THE DATA:

-- -- --

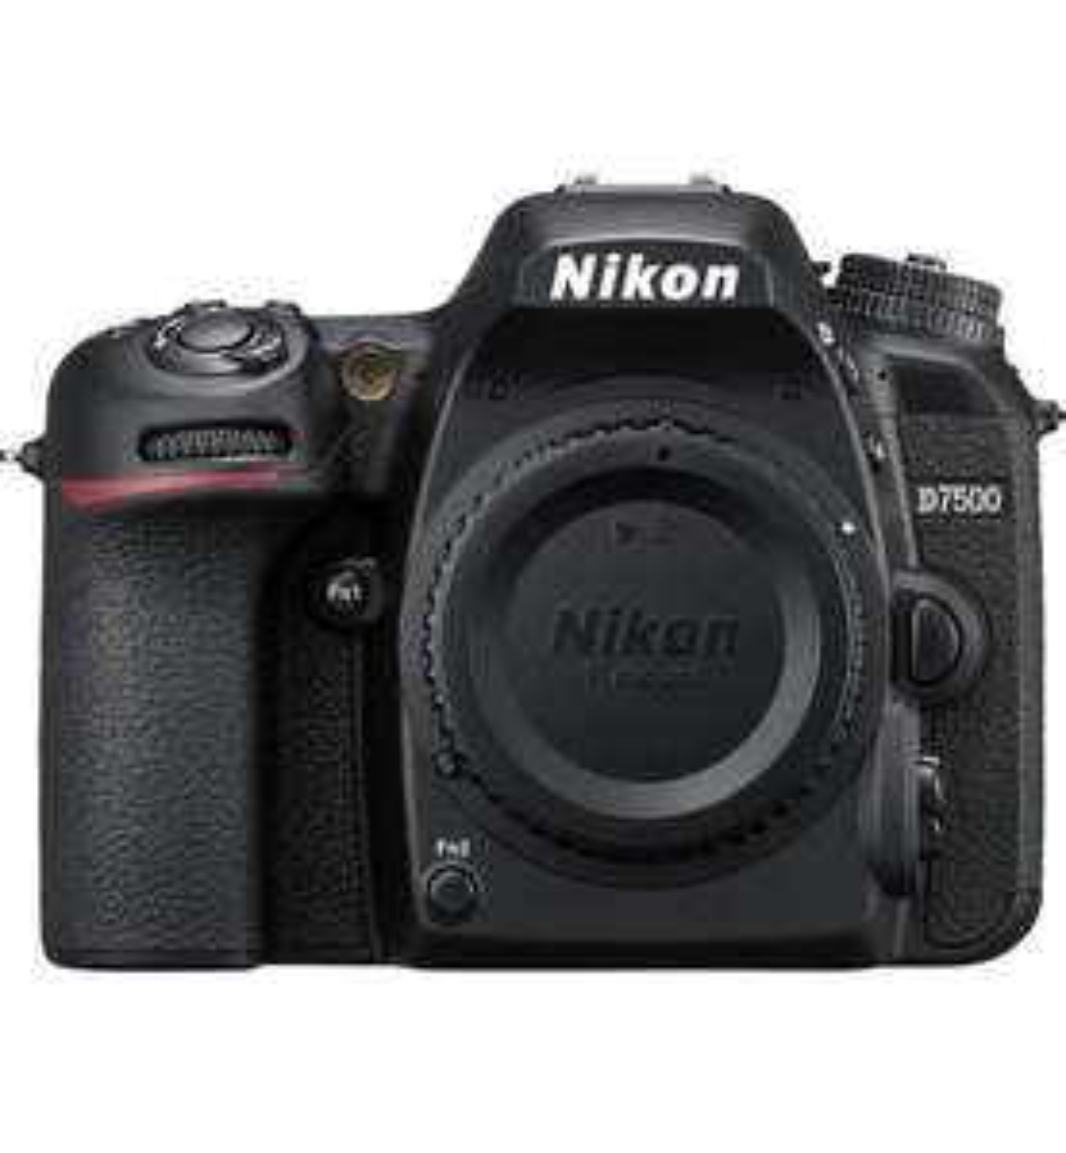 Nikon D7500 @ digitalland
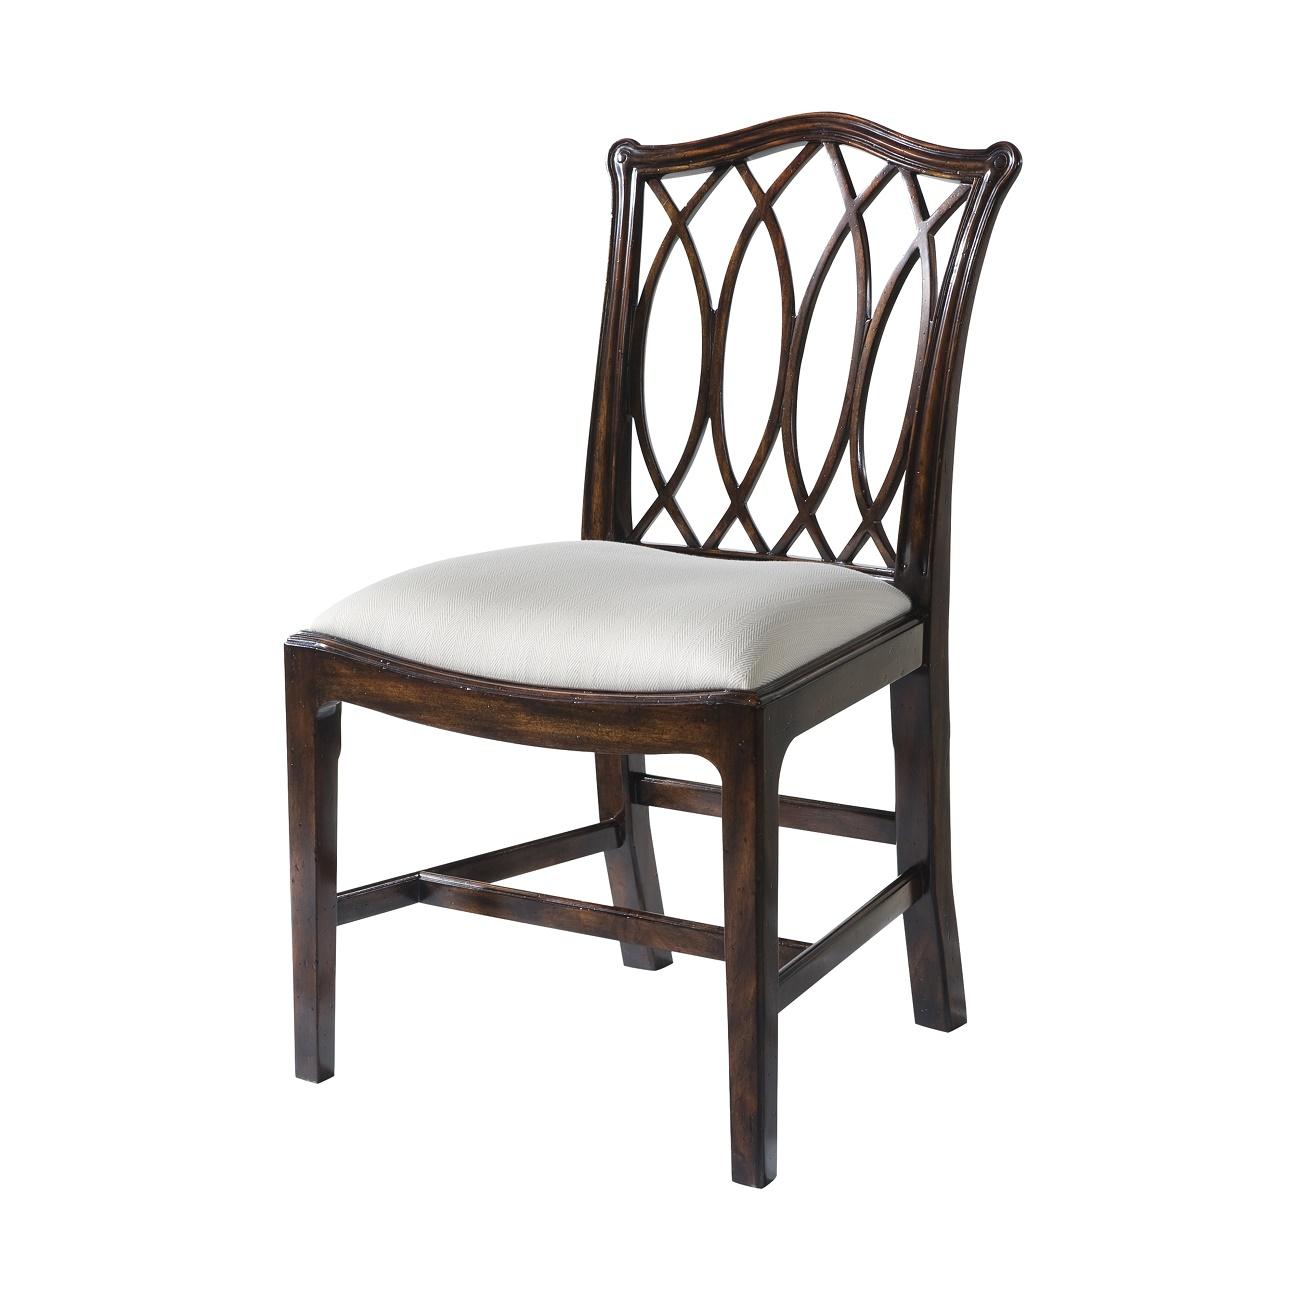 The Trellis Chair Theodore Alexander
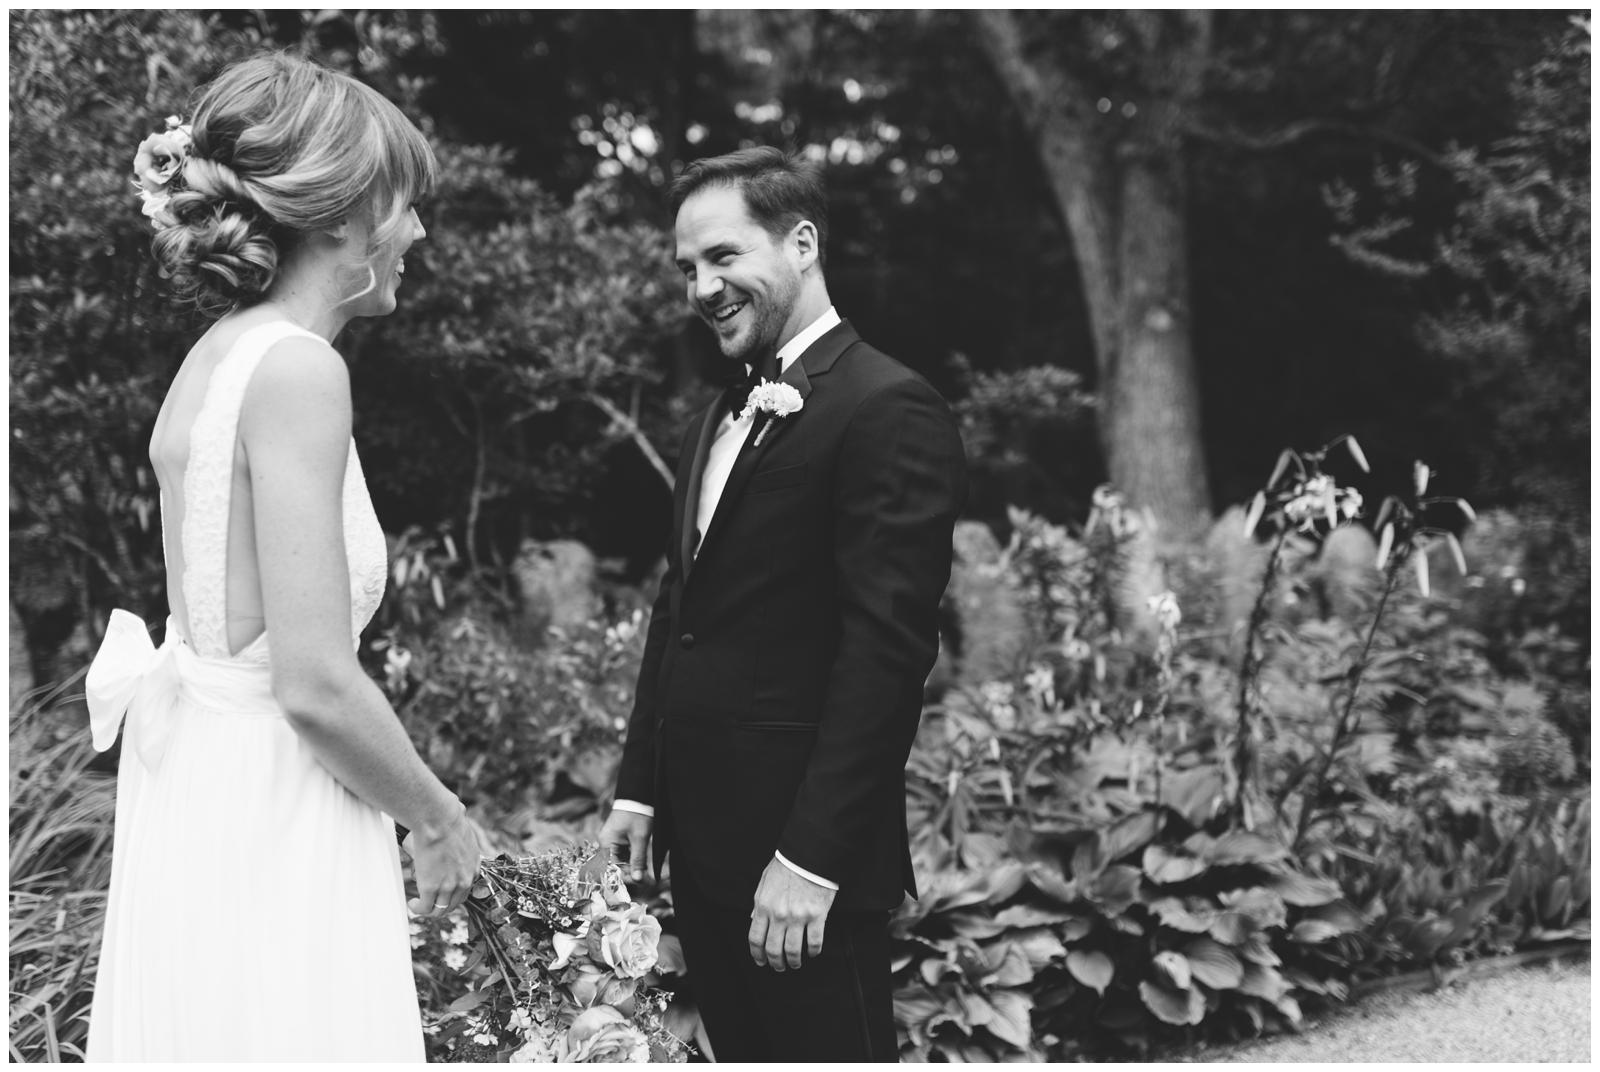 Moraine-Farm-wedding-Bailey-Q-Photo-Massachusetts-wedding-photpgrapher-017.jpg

-- -- --

WORK TO BE COMPLETED:
Every line of the listing is to be repeated exactly, and the pictures are to be dropped.

TASK ANSWER:
 Nikon D7500 @ digitalland
 The Trellis Chair Theodore Alexander
 Moraine-Farm-wedding-Bailey-Q-Photo-Massachusetts-wedding-photpgrapher-017.jpg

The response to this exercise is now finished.